**The task**:
Your reply should reproduce the data below without a single alteration, apart from dropping the images.
Available data Block Start
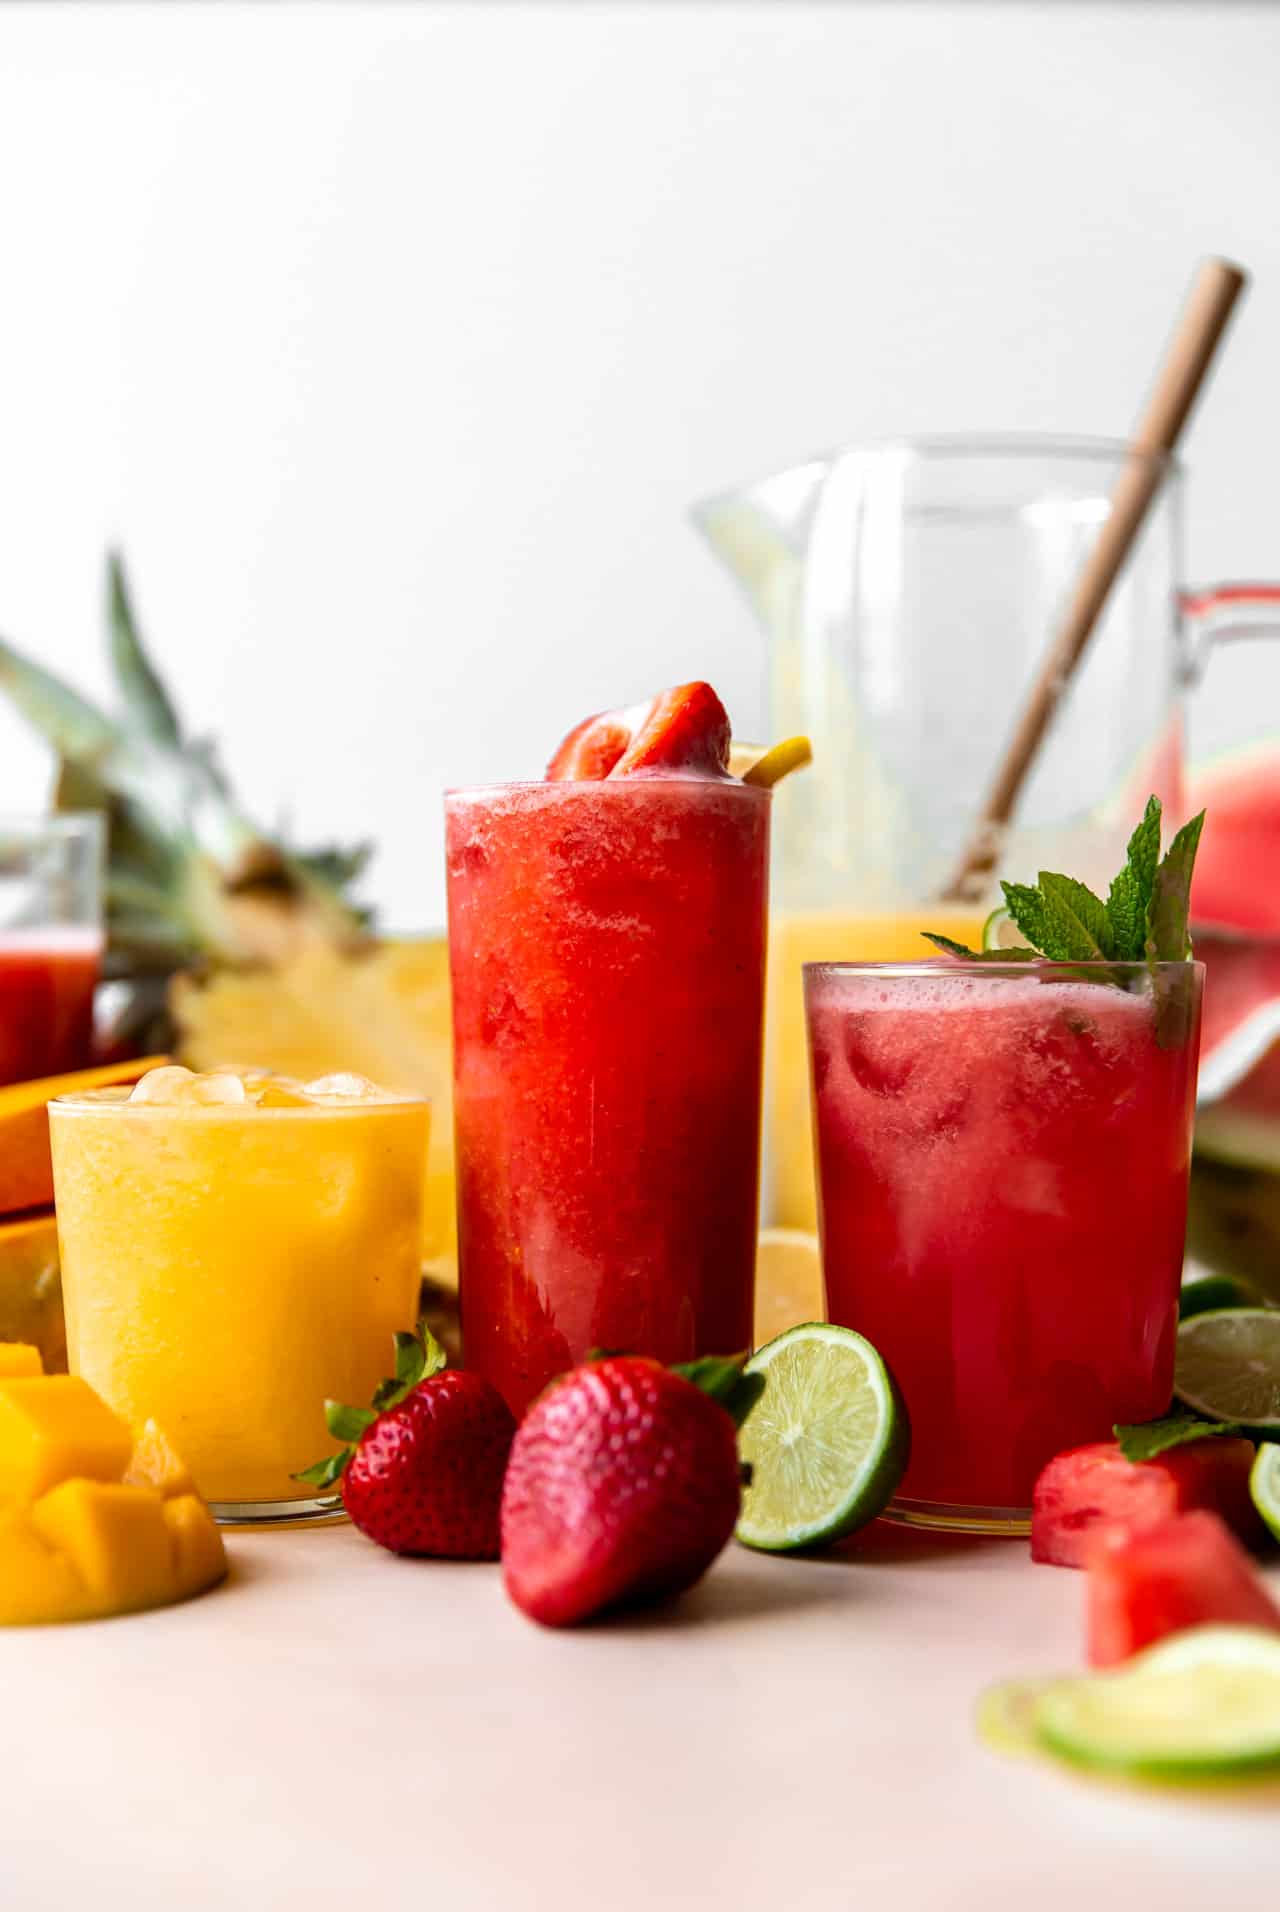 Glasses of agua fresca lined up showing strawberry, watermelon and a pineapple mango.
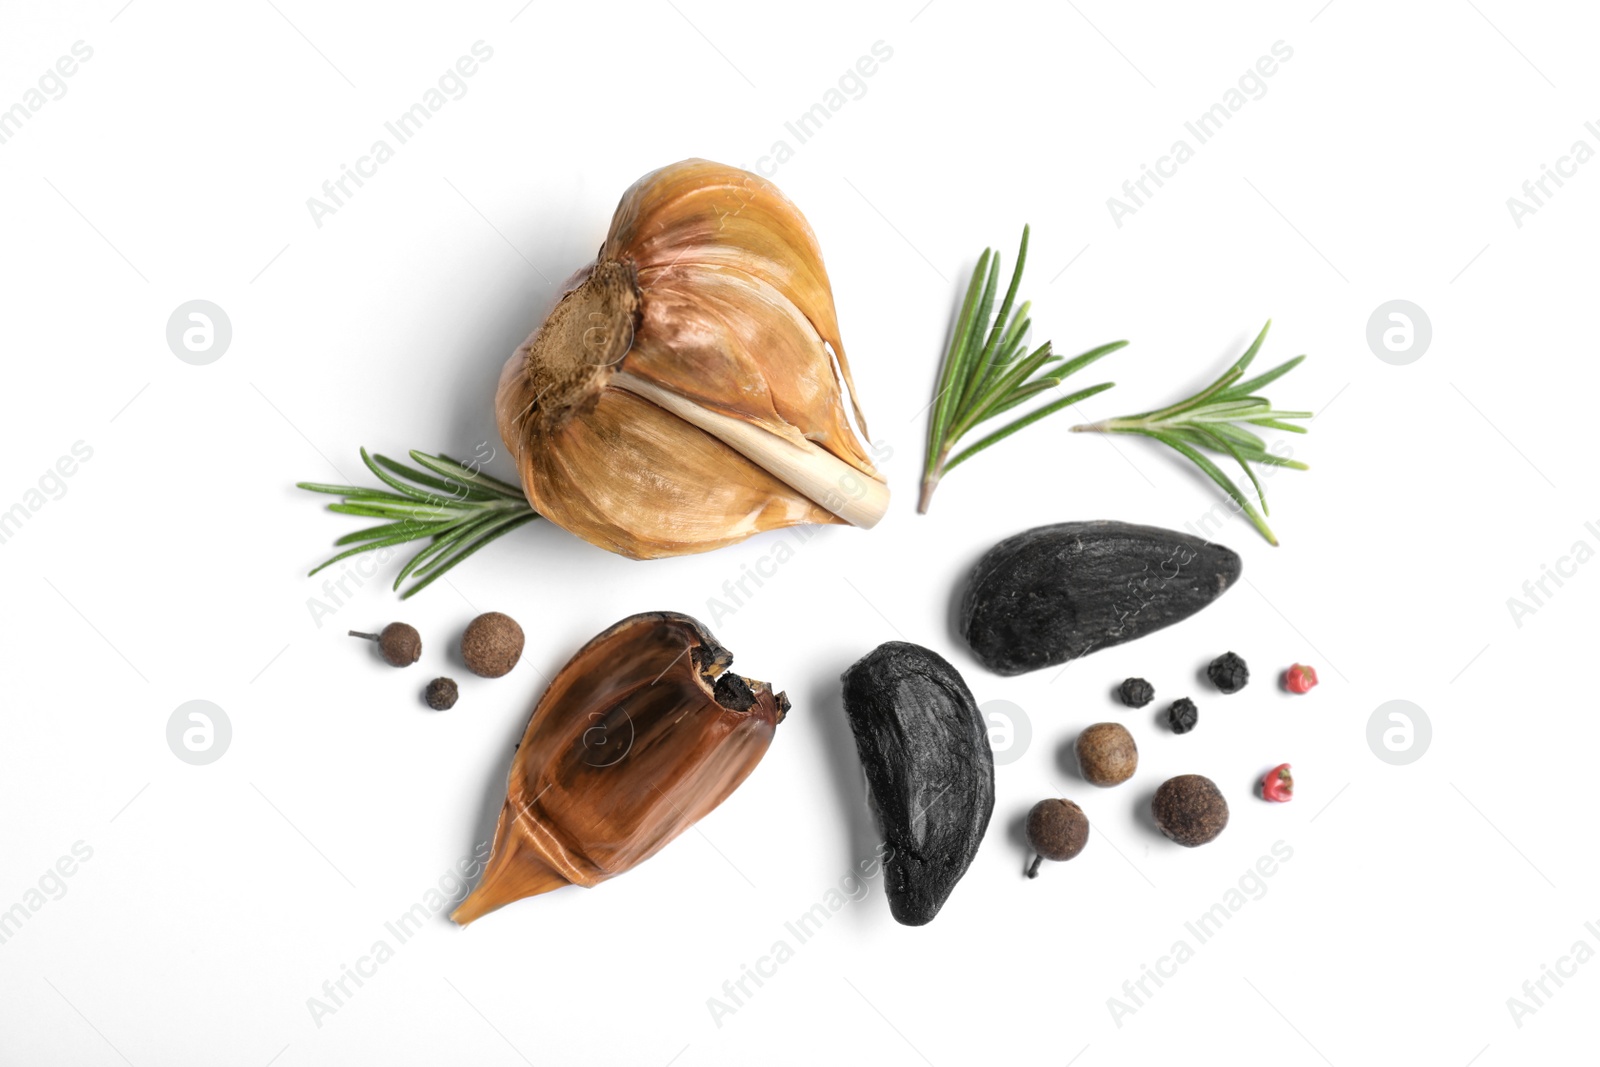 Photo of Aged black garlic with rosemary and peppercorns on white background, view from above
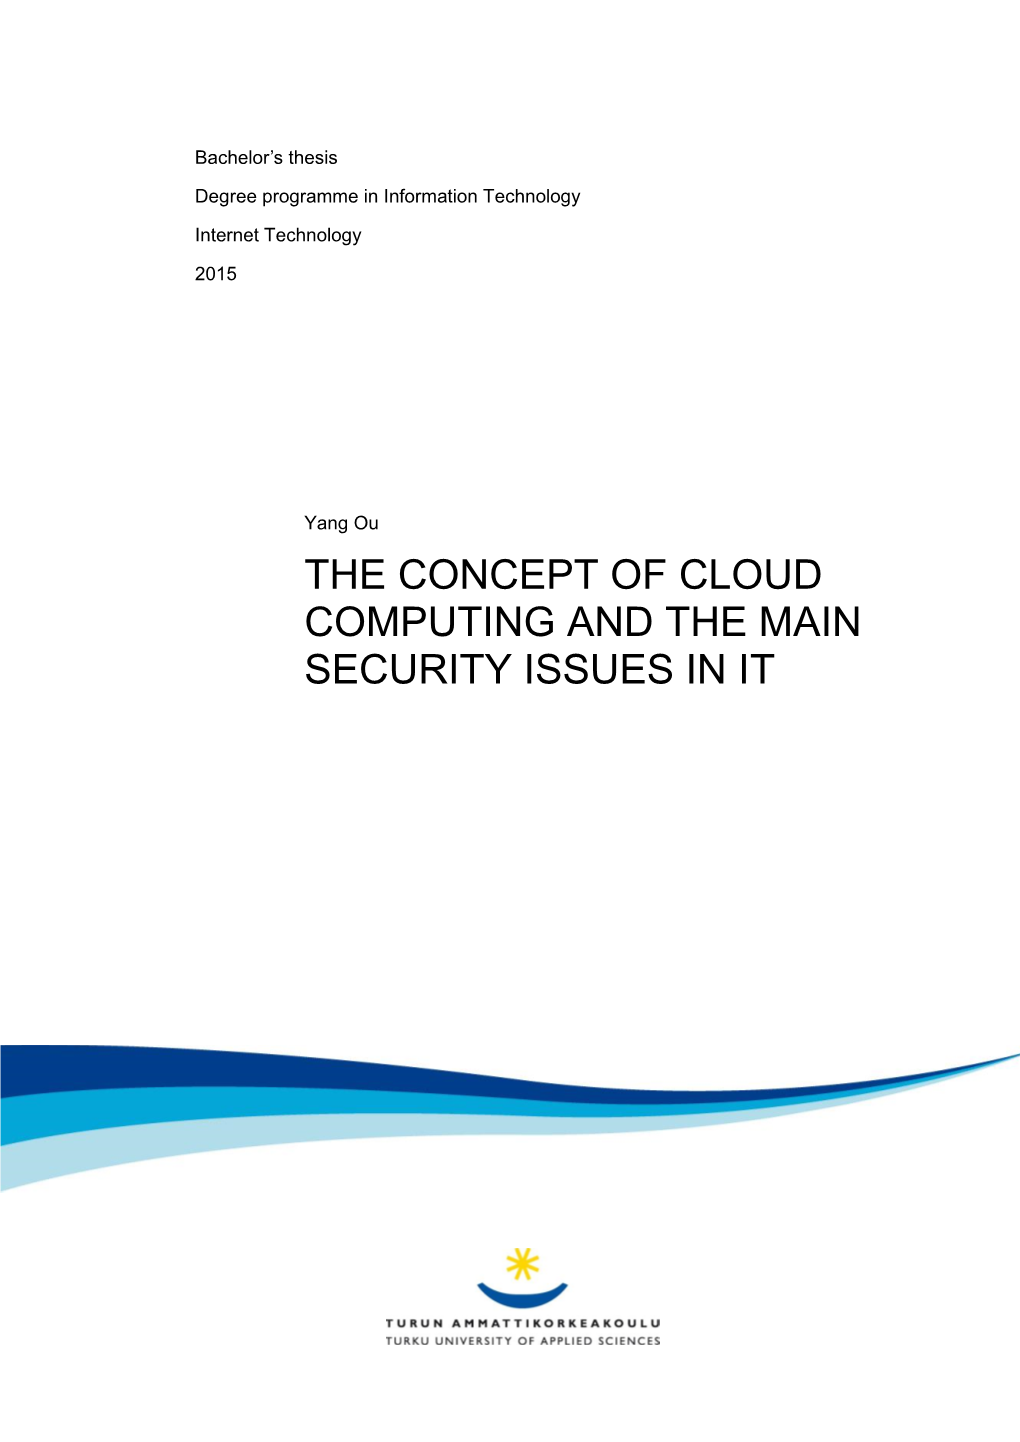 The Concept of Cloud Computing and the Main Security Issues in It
Available data Block End
**Result for this task**:
 Glasses of agua fresca lined up showing strawberry, watermelon and a pineapple mango.
 Photo of Aged black garlic with rosemary and peppercorns on white background, view from above
 The Concept of Cloud Computing and the Main Security Issues in It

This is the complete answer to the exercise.